A number of IP addresses tied to users of a prominent revenge porn website have been traced back to several government offices, including the US Senate, the Navy, and the Executive Office of the President.
Some of the users had posted message to an imageboard, know as Anon-IB, inquiring after nude photographs of women, while others had asked fellow users edit photos of women to make them appear nude.
The discovery, reported by The Daily Beast on Thursday, follows last year’s massive revenge-porn scandal involving hundreds of US Marines. The data reveals that the Pentagon’s efforts to crackdown on servicemembers non-consensually sharing sexual images of current and former partners may not be going as well as officials hoped. It further shows that the misconduct extends beyond the US military.
The Daily Beast reports that a security analyst at a Norwegian newspaper, VG, learned from a source how to uncover the IP addresses of users who post on the Anon-IB imageboard. The data was shared by the analyst, Einar Otto Stangvik, with Daily Beast security reporter Joseph Cox, who in turn tracked numerous posts back to US government agencies, including one back to the Executive Office of the President. That user shared an image of a woman, along with her name, and asked for other users to do the same in return.
A user whose IP address was traced back to a US Senate computer requested images of a woman he knew from a college he identified, writing that she “has the best tits I’ve ever seen.” Someone who connected from the Senate requested nude photographs of another woman, whom he said had shared photos of herself with a friend. “Would love to see some more,” he wrote.

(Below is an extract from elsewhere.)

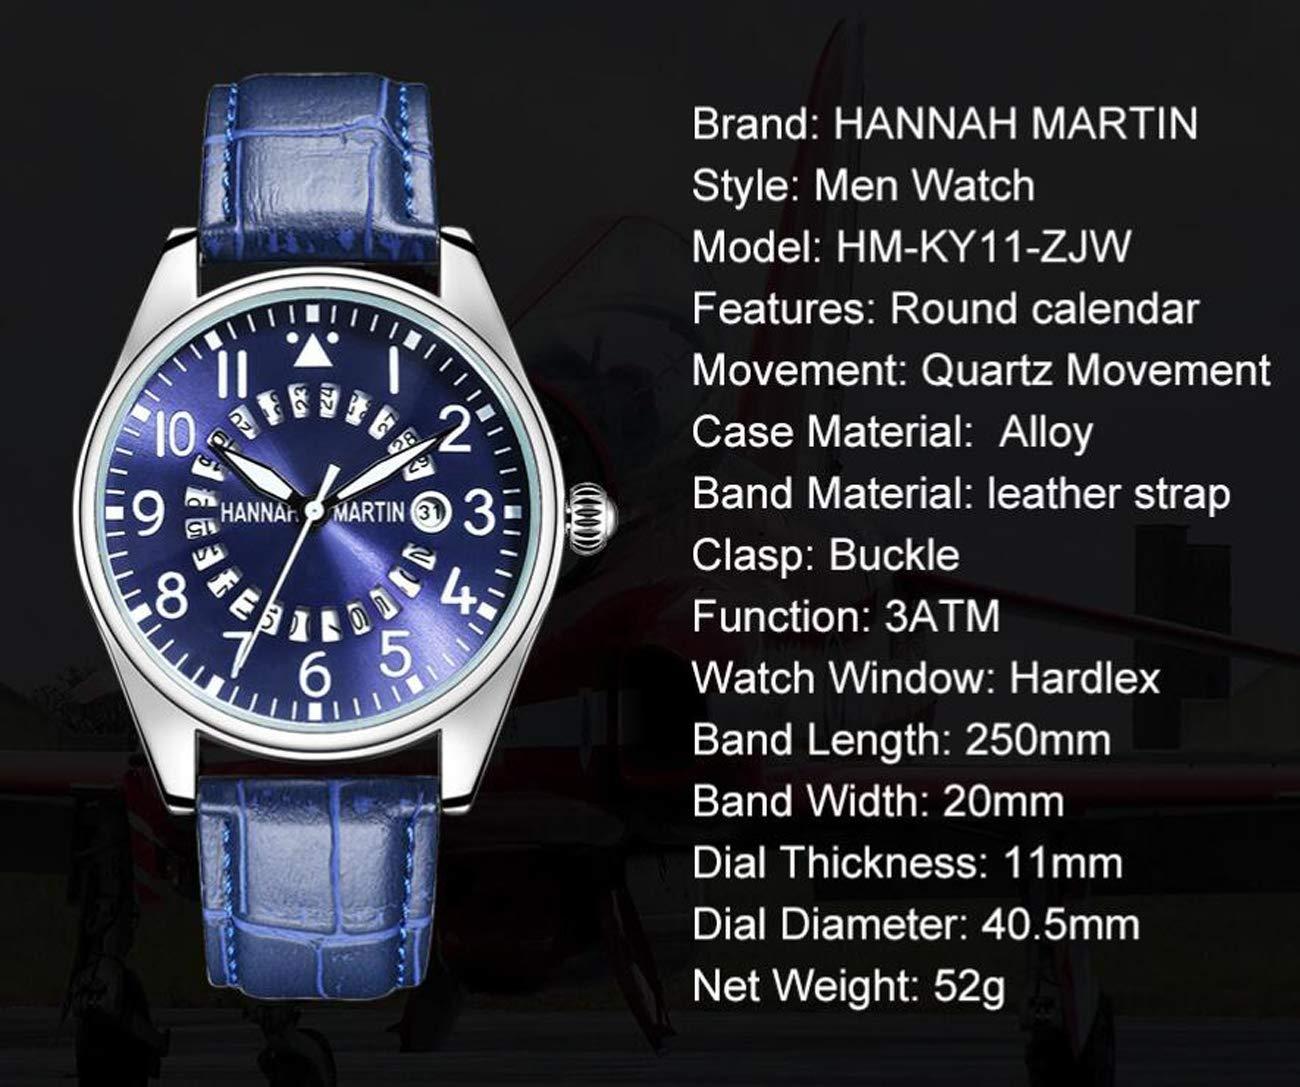 Hannah Martin Electronic Pilot Relojes de Pulsera con Calendario Impermeable y Correa de Cuero para Hombres,LYL: Amazon.es: Electrónica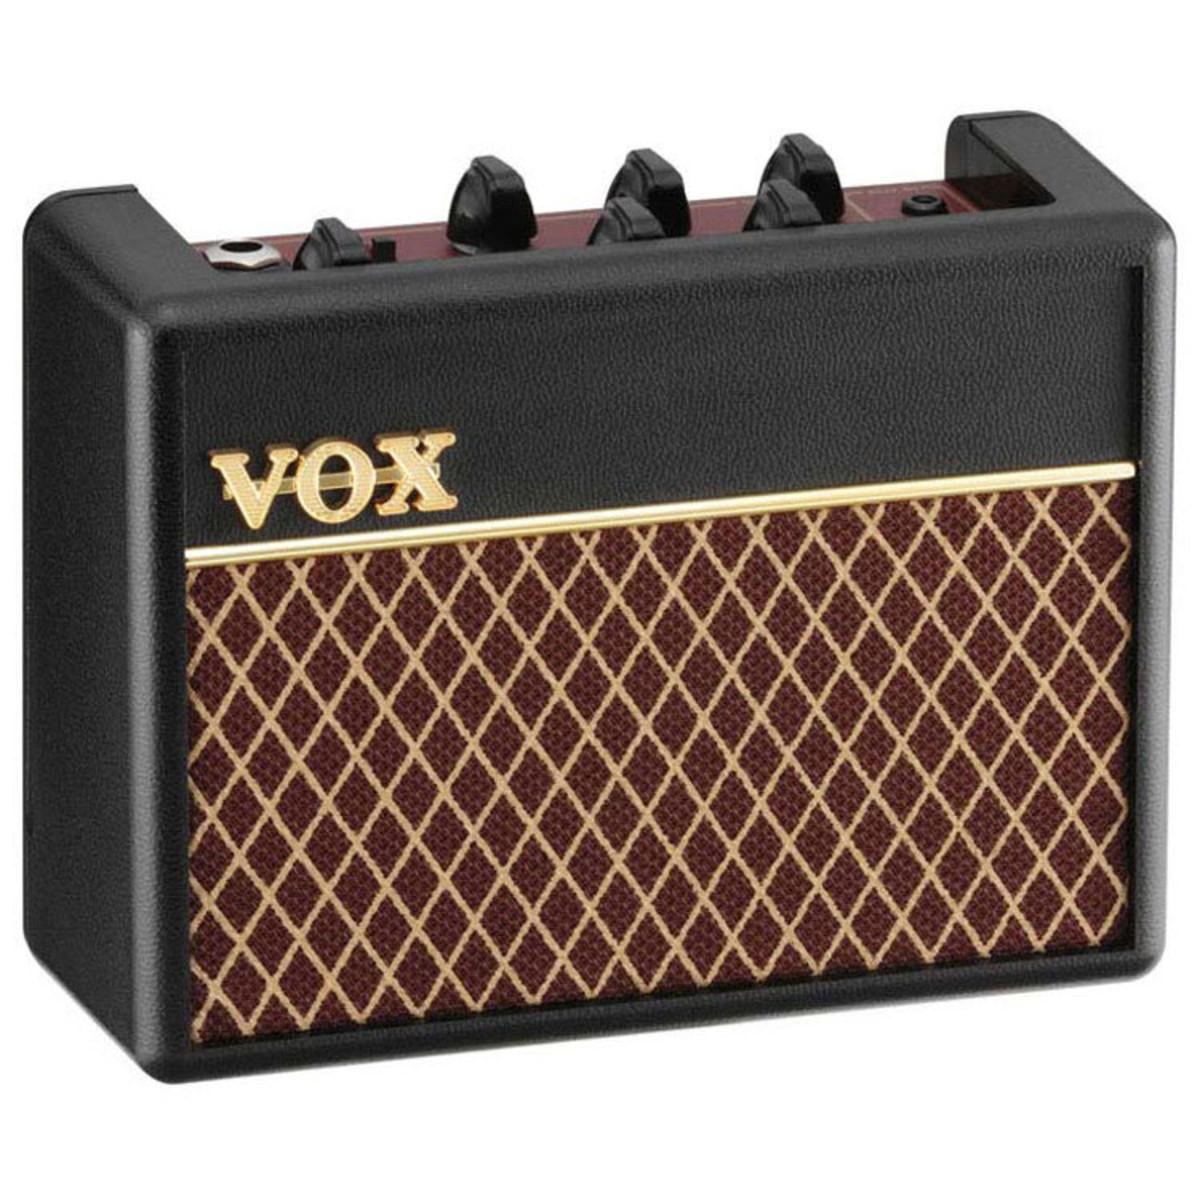 Vox AC1 Rhythm Vox, alimentadas por batería Mini Amplificador ...

An Anon-IB administrator reportedly shared an IP address with Cox—apparently to verify that the data was legitimate. The IP address did match an entry on the list, Cox wrote.
In late November, Senators Kamala Harris, Richard Burr, Amy Klobuchar, and Jackie Speier introduced a bipartisan bill—the ENOUGH Act of 2017—aimed at making revenge porn a federal crime. The bill was referred to the Senate Judiciary Committee, to which Harris, a California Democrat, was named earlier this week.